Of the records below, reproduce only the span that opens with the line containing "Trachten Baumwolle Serie" and closes with the last line.

_Data under study_.
▶

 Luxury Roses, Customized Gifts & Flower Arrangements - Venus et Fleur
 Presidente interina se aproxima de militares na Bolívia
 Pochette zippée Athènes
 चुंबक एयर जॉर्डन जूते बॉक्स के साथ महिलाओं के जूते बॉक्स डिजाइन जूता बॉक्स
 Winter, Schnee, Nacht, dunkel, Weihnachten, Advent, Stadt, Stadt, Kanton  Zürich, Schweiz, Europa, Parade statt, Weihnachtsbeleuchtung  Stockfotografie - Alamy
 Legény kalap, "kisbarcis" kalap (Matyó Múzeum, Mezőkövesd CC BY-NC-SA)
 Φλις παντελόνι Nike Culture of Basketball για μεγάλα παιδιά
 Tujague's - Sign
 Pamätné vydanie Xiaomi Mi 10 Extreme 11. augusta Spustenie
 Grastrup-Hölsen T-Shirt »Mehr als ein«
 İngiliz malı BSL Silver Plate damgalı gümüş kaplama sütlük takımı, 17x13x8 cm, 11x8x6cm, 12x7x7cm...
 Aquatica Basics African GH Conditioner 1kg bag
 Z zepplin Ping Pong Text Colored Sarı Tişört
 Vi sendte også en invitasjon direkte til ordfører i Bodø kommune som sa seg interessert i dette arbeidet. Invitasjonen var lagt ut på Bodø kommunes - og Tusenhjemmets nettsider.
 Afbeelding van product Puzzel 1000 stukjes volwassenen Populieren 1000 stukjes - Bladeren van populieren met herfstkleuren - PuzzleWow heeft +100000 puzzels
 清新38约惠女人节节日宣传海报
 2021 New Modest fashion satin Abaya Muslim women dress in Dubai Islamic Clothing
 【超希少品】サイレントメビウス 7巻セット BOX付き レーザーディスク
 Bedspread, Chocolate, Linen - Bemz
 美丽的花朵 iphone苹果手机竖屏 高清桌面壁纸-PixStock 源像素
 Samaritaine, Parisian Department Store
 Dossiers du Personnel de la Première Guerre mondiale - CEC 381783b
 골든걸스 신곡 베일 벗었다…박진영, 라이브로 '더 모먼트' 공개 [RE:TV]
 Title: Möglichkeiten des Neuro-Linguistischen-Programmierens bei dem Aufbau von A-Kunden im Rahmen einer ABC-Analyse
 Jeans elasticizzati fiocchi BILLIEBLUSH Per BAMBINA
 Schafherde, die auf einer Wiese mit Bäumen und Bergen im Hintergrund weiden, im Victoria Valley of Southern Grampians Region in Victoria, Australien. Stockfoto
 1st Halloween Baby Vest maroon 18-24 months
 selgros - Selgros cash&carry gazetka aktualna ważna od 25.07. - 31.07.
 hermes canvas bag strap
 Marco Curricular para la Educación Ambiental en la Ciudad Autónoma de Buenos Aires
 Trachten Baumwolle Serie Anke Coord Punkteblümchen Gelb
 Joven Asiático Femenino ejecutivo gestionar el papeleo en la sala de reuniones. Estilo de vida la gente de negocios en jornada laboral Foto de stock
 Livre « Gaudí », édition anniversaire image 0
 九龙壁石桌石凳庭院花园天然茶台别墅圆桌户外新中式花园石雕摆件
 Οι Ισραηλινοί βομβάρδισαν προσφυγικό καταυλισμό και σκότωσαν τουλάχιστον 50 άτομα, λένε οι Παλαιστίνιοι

◀

_Solved exercise_.
 Trachten Baumwolle Serie Anke Coord Punkteblümchen Gelb
 Joven Asiático Femenino ejecutivo gestionar el papeleo en la sala de reuniones. Estilo de vida la gente de negocios en jornada laboral Foto de stock
 Livre « Gaudí », édition anniversaire image 0
 九龙壁石桌石凳庭院花园天然茶台别墅圆桌户外新中式花园石雕摆件
 Οι Ισραηλινοί βομβάρδισαν προσφυγικό καταυλισμό και σκότωσαν τουλάχιστον 50 άτομα, λένε οι Παλαιστίνιοι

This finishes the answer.